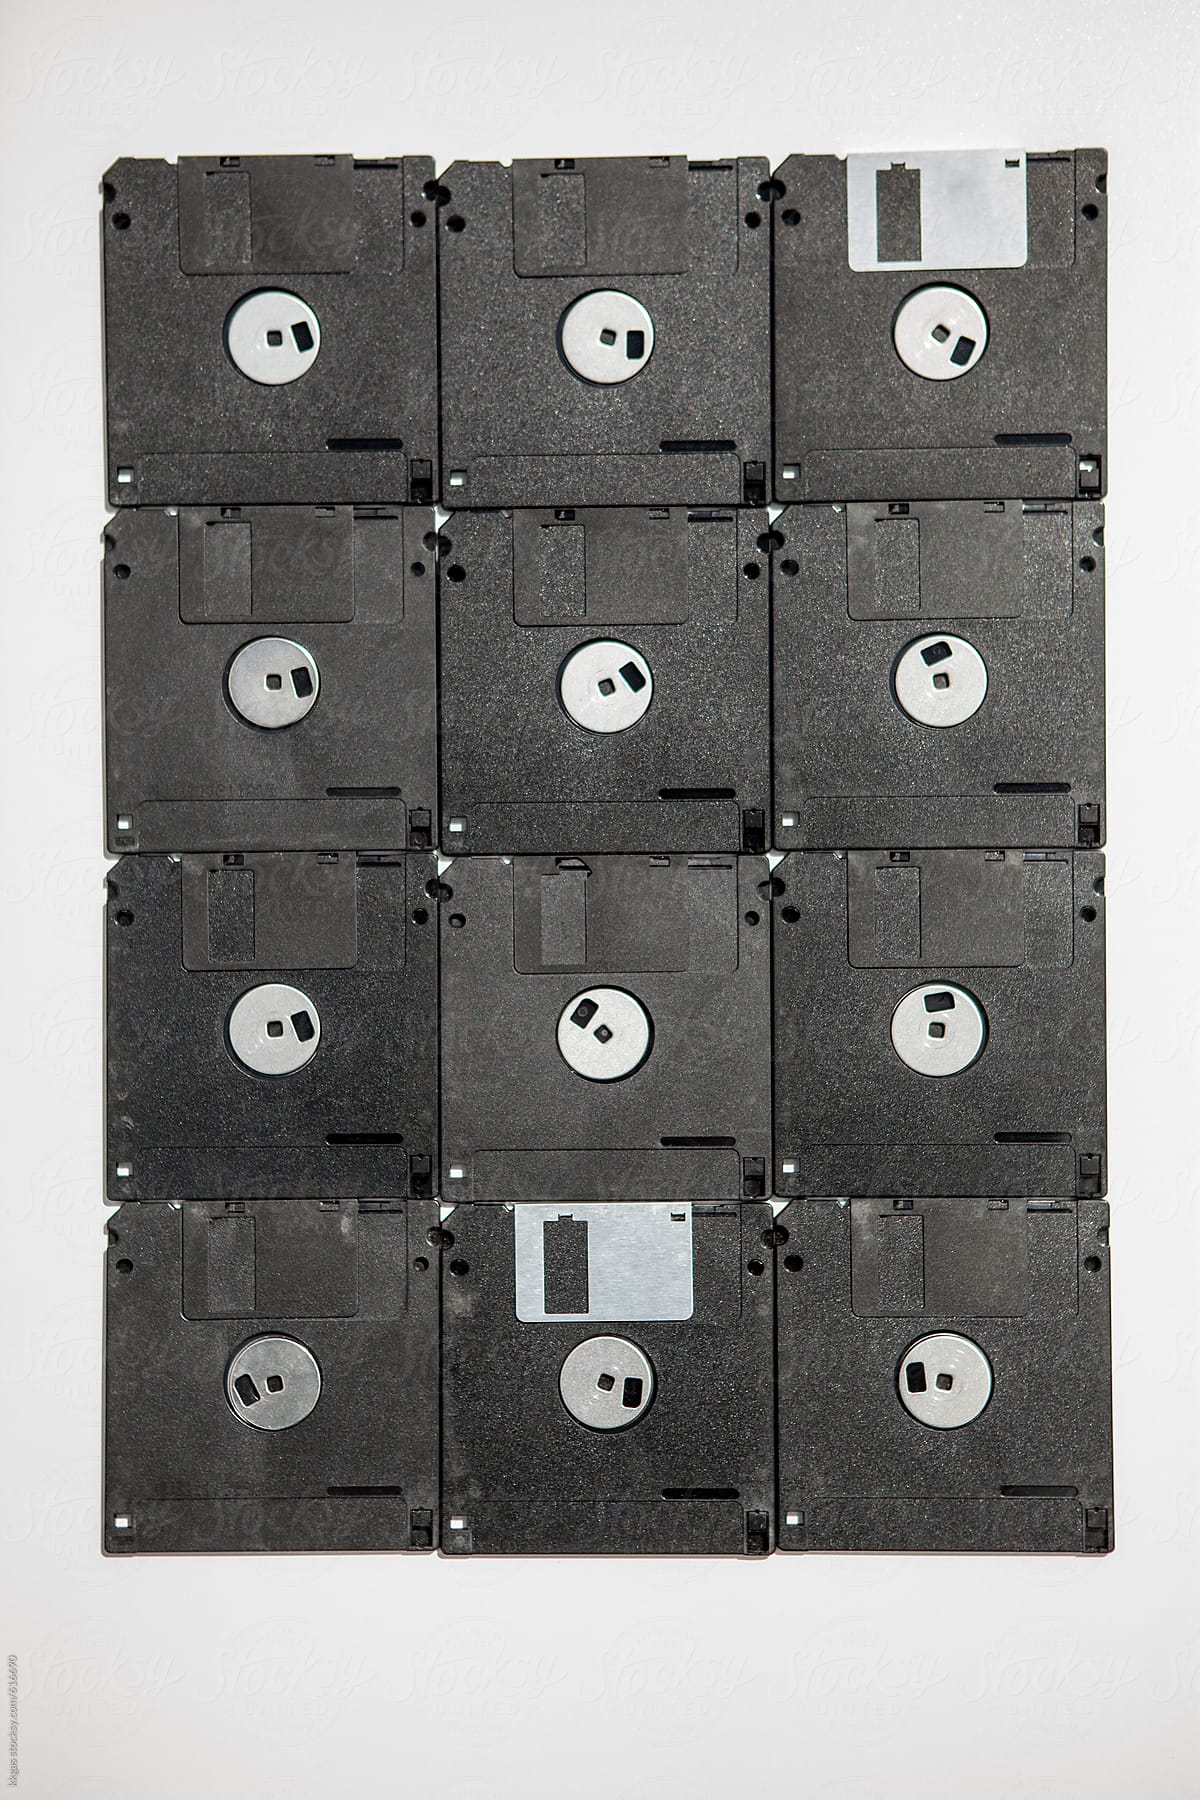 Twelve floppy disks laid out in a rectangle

==

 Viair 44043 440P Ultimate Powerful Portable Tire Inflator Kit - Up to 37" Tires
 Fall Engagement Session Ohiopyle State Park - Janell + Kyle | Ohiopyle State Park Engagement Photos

...

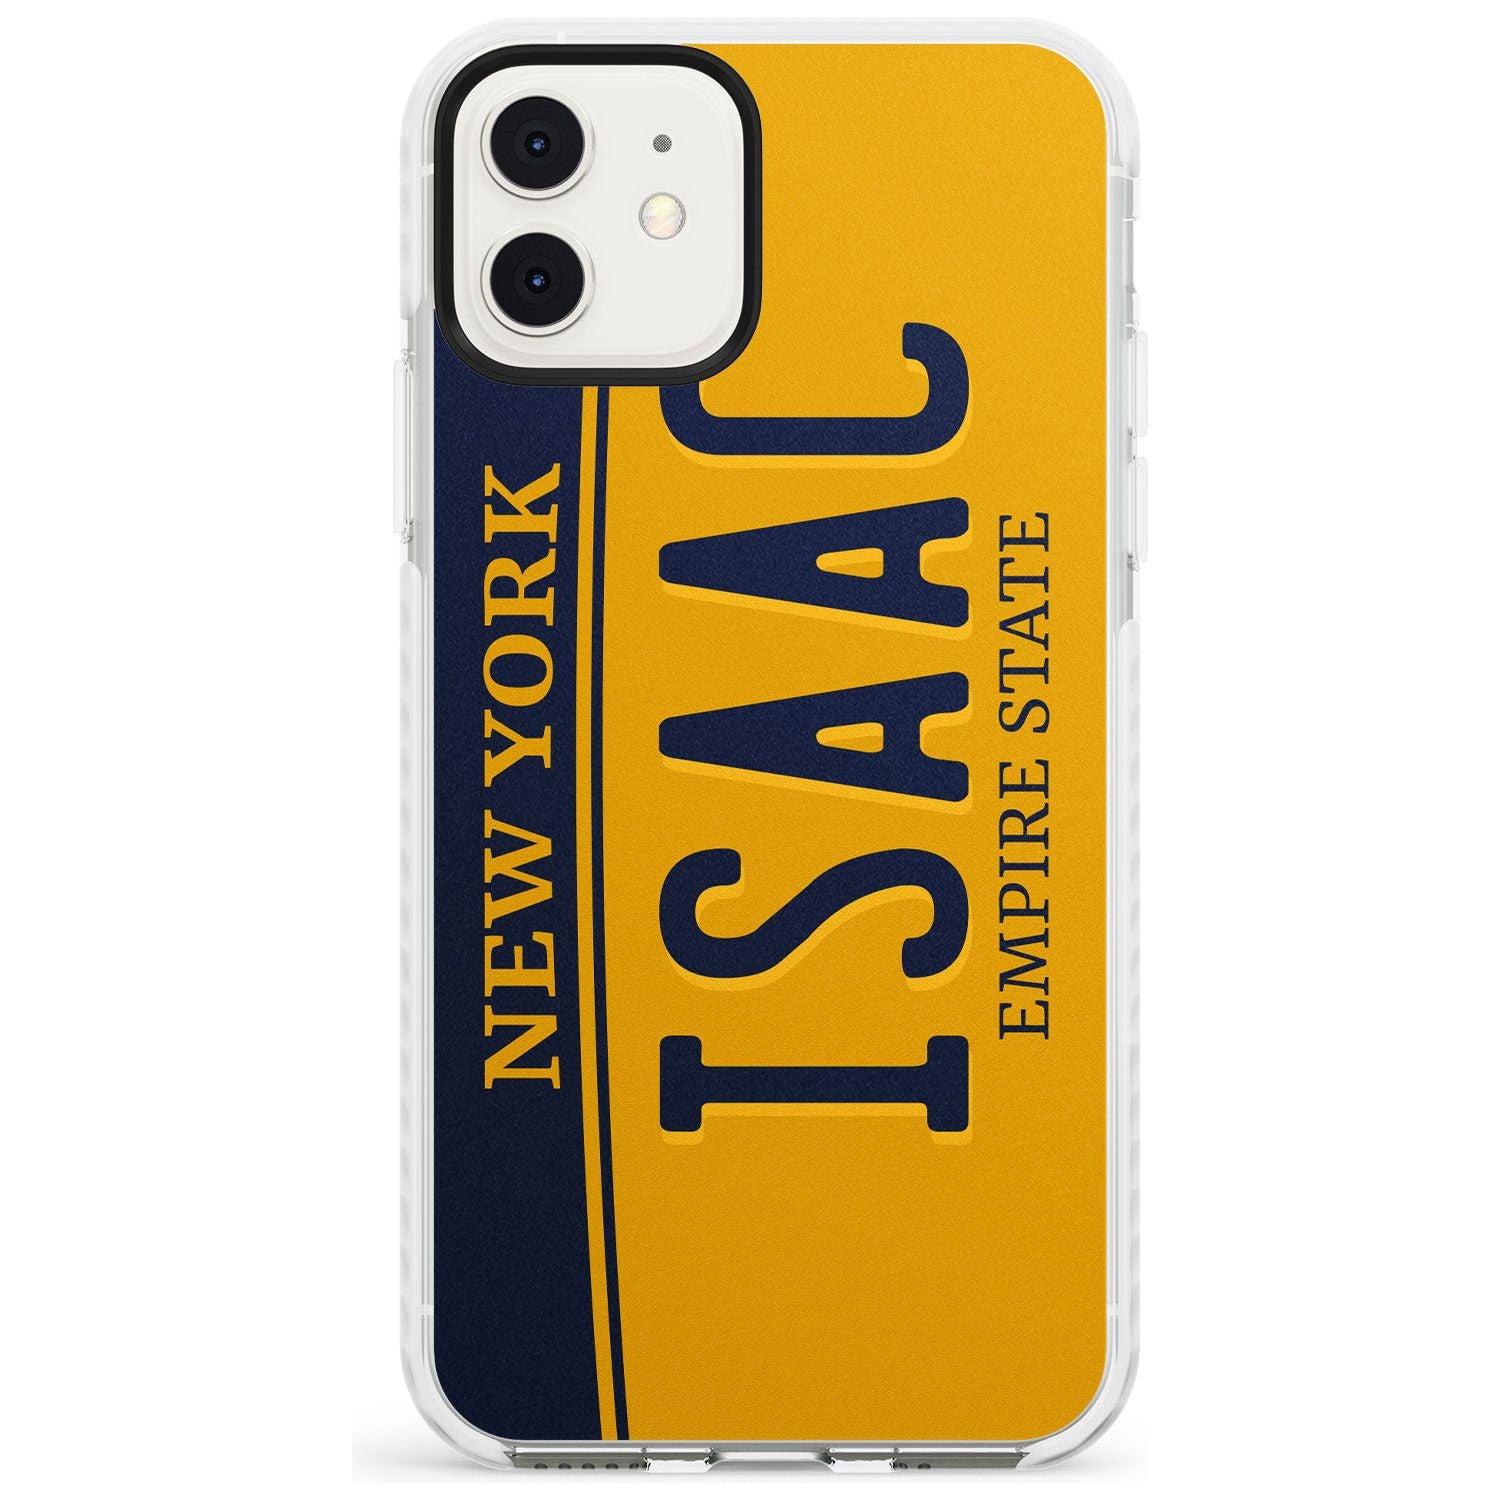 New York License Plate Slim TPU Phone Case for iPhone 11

TASK PROMPT
Output the lines of the records above exactly as they appear, from the line containing "Viair 44043 440P" through the line containing "Fall Engagement Session".

SOLUTION FOR THIS PROBLEM
 Viair 44043 440P Ultimate Powerful Portable Tire Inflator Kit - Up to 37" Tires
 Fall Engagement Session Ohiopyle State Park - Janell + Kyle | Ohiopyle State Park Engagement Photos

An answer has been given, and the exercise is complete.